5. The large and medium-sized reservoir safety inspection system based on virtual reality technology according to claim 1, characterized in that: The data processing system identifies early warning levels, generates early warning decisions, and issues early warning information based on the water conservancy industry's early warning grading standards; it also automatically exports various business reports periodically based on historical monitoring data, historical early warning records, historical inspection records, and historical maintenance records.
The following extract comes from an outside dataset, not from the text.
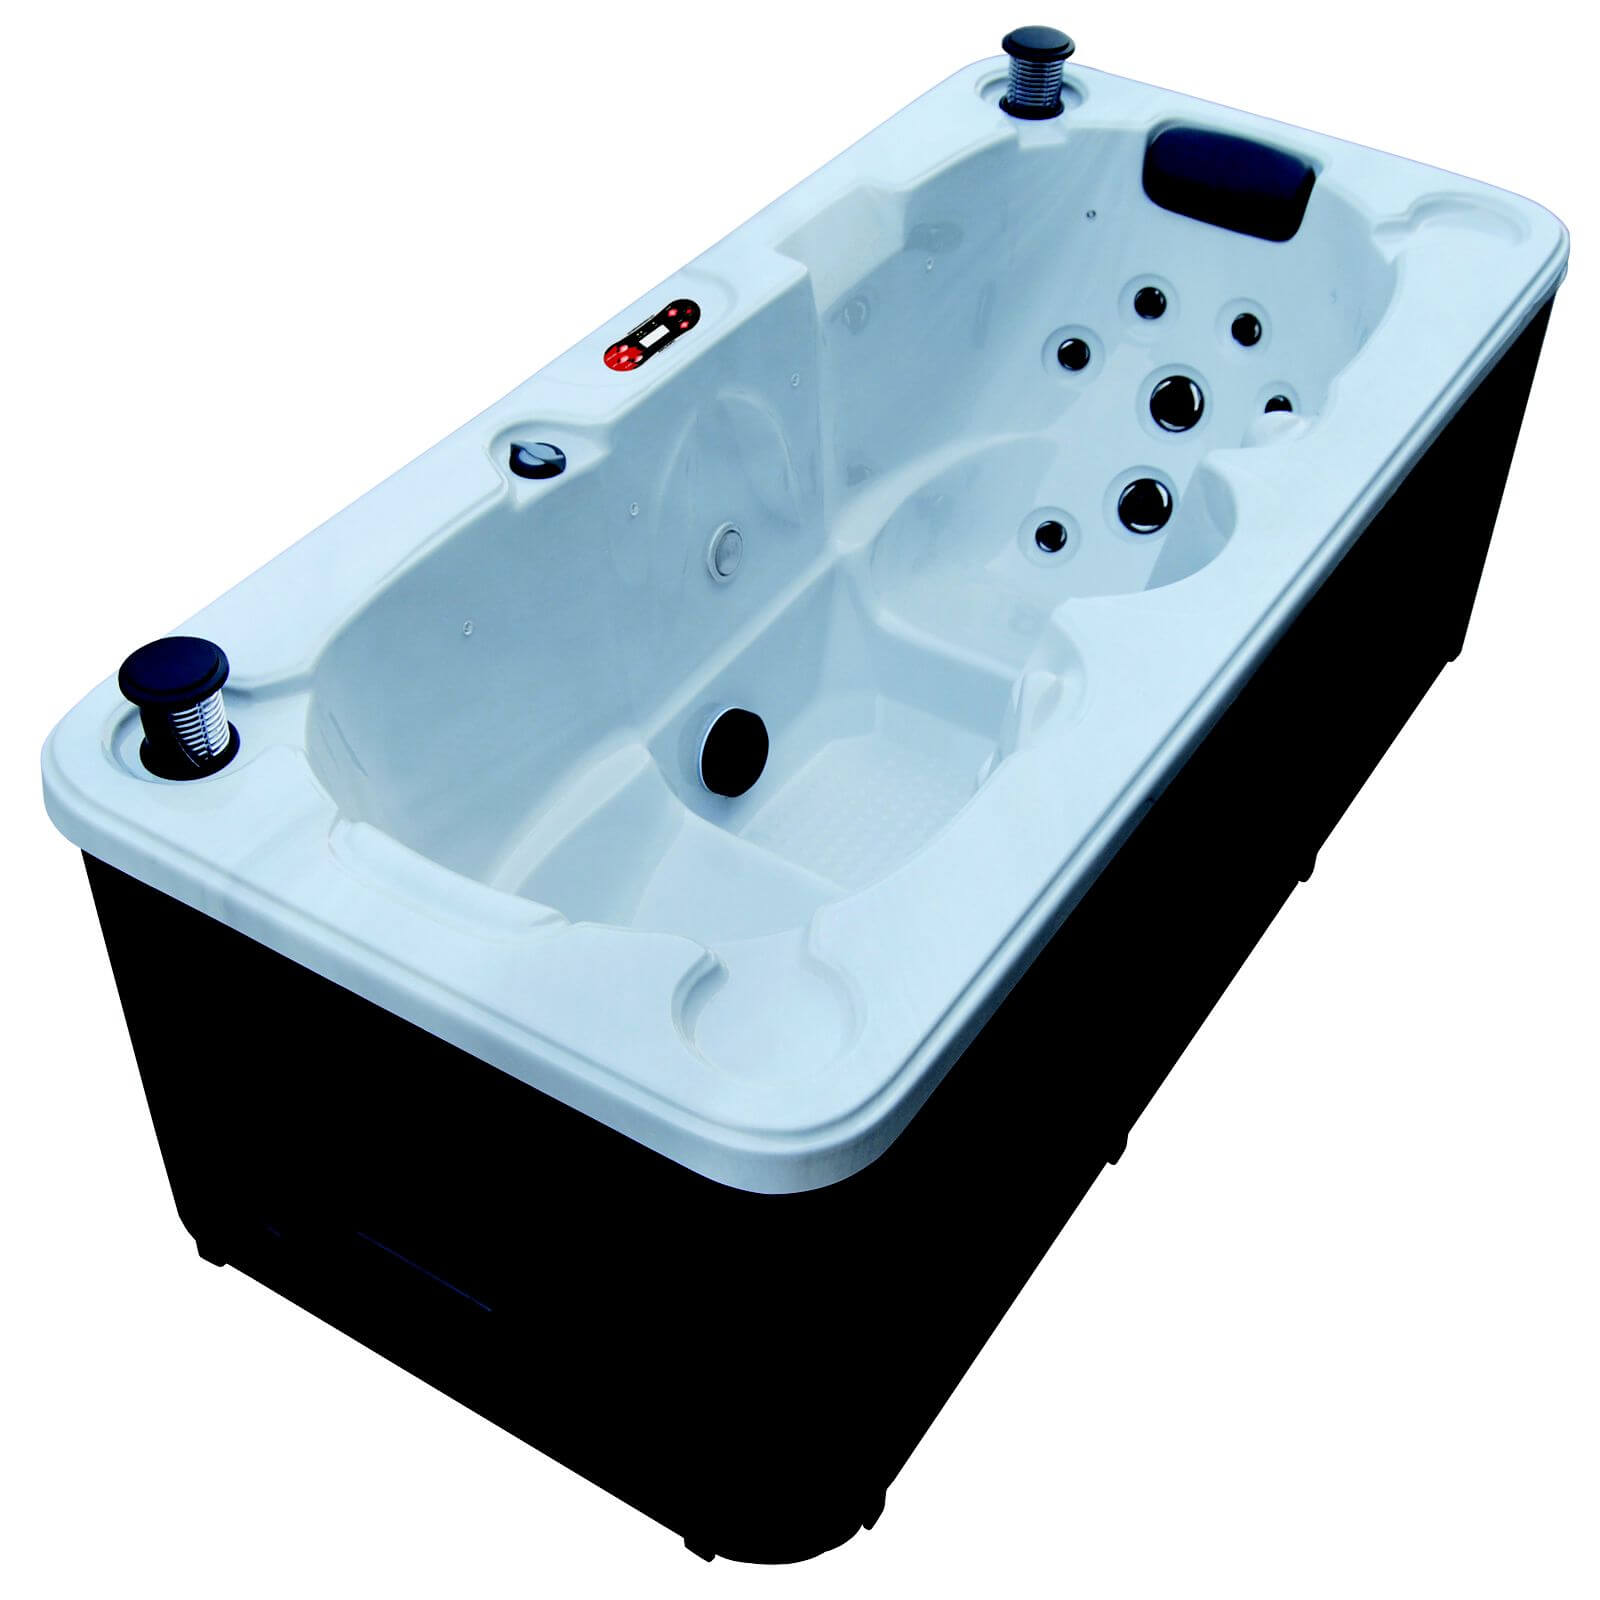 Canadian Spa Yukon 2 Person Hot Tub (Includes Free Delivery & Installation)

6. The safety inspection system for large and medium-sized reservoirs based on virtual reality technology according to claim 1, characterized in that: The data processing system includes a real-time monitoring subsystem, a monitoring and analysis subsystem, a security inspection subsystem, an early warning release subsystem, a video surveillance subsystem, and a monitoring report subsystem. The real-time monitoring subsystem is used to store various monitoring data and, based on a geographic information system, overlays them onto two-dimensional maps and three-dimensional BIM models for intuitive display. The monitoring and analysis subsystem is used to classify, calculate, and statistically analyze the various monitoring data in the database; The security inspection subsystem is based on a business flow engine and manages inspection points, inspection plans, and inspection personnel, registers inspection personnel information, and assigns inspection plans to them. The early warning release subsystem is used to issue alarms for various dam monitoring data that exceed the threshold based on the construction and operation parameters that exceed the threshold. The video surveillance subsystem is connected to the dam safety monitoring system, and through the video surveillance module, it can quickly retrieve, locate, compare and back up the surveillance video files, realize unified identity authentication and access management, and ensure the security of information and data. The monitoring and reporting subsystem is used to display various reports generated by the dam's daily operation, including: inspection reports, maintenance reports, and upkeep reports.